According to +972 magazine, Vole has significantly deepened its involvement in Israel’s military infrastructure, flogging its cloud and artificial intelligence services to the Israeli army since the onset of its operations in Gaza.
Numerous units within the Israeli military, spanning air, ground, and naval forces, have recently used Microsoft’s cloud computing platform, Azure. Among them is the elite intelligence unit, Unit 8200. Microsoft's partnership with OpenAI has granted the military extensive access to the GPT-4 language model, powering ChatGPT.
A collaborative investigation by +972 Magazine, Local Call, and The Guardian, partially based on documents obtained by Drop Site News illustrates how the Israeli military has increased its reliance on civilian tech giants since 7 October. We have already reported how the IDF was also leaning on Google , even while their employees were worried that they might be implicated in war crimes.
Among the army units using Azure's services is the Air Force’s Ofek Unit, responsible for managing comprehensive databases of potential targets for airstrikes, known as the “target bank.”
Other units include the Matspen Unit, which develops operational and combat support systems, and the Sapir Unit, tasked with maintaining the ICT infrastructure for the Military Intelligence Directorate.
Even the Military Advocate General’s Corps, which prosecutes Palestinians and lawbreaking soldiers in the occupied territories, is using these services.

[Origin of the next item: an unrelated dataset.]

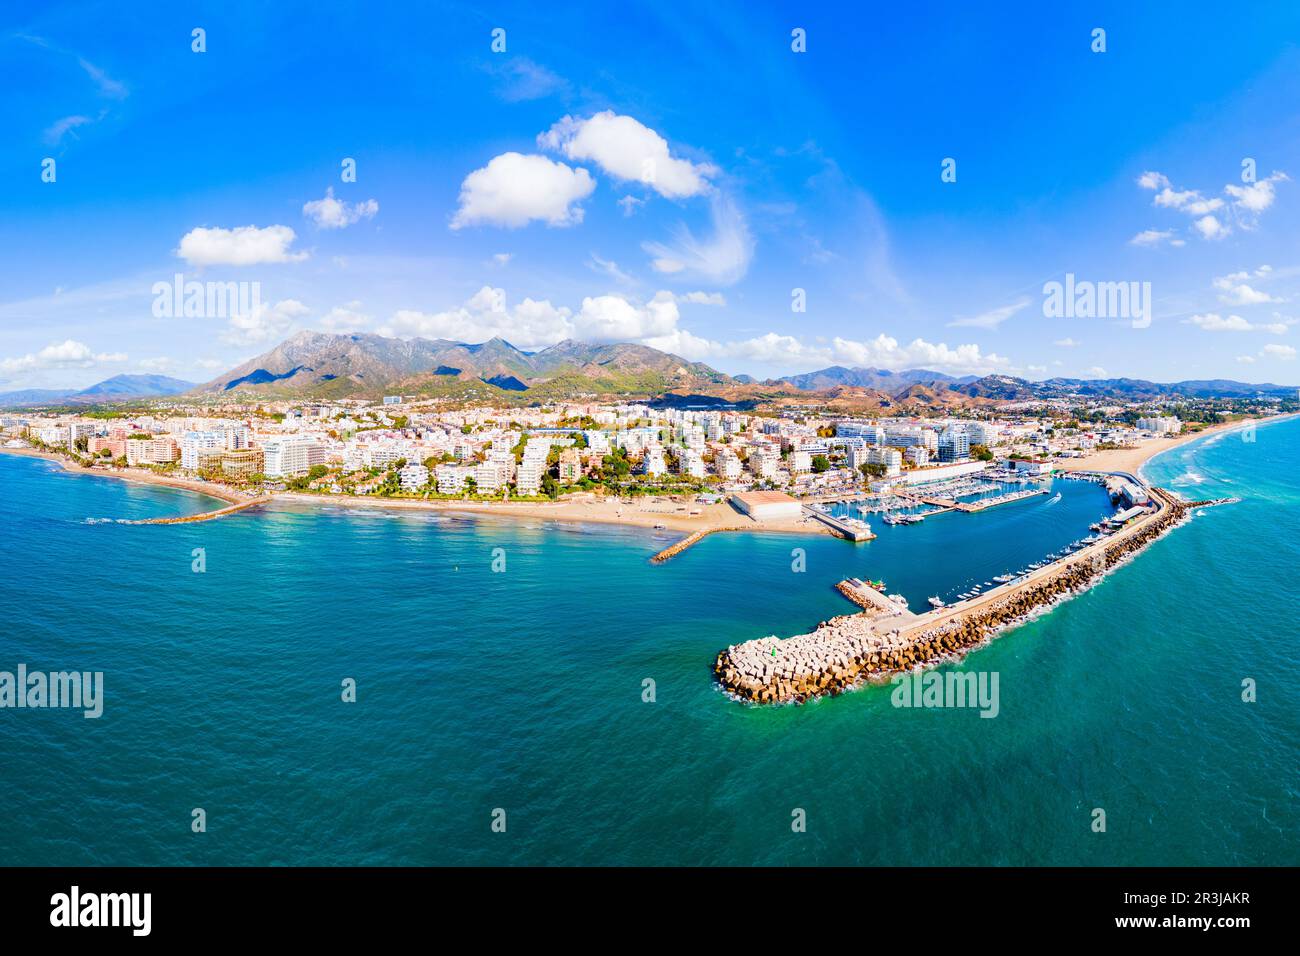 Vista panoramica aerea del porto turistico di Marbella. Marbella è una città della provincia di Malaga in Andalusia, Spagna. Foto Stock

The revelations in these documents correspond with the statements of Col. Racheli Dembinsky, commander of the Israeli army’s Center of Computing and Information Systems Unit (“Mamram”), which provides data processing for the whole military. At a conference near Tel Aviv, Dembinsky said that the army’s operational capabilities were “upgraded” during the current war in Gaza thanks to the “wonderful world of cloud providers” that enabled “very significant operational effectiveness.”
Dembinsky said this was thanks to the “crazy wealth of services, big data, and AI” that cloud providers offer—as the logos of Microsoft Azure, Google Cloud Platform (GCP), and Amazon Web Services (AWS) appeared on the screen behind her.
One Volish employee said: “The potential misuse of our technology weighs heavily on my conscience.” The discontent among Microsoft’s workforce is palpable, with rising anxiety over technology’s role in military operations.
Microsoft’s official stance emphasises compliance with local laws and regulations, but the escalating internal and external criticisms accentuate the moral ambiguities. Critics argue that the company should reevaluate its commercial alliances, especially those with significant military implications.
Besides employee concerns, legal experts are also weighing in, suggesting that such collaborations could expose Microsoft to international legal challenges, mainly if the technology is used in ways that violate international law.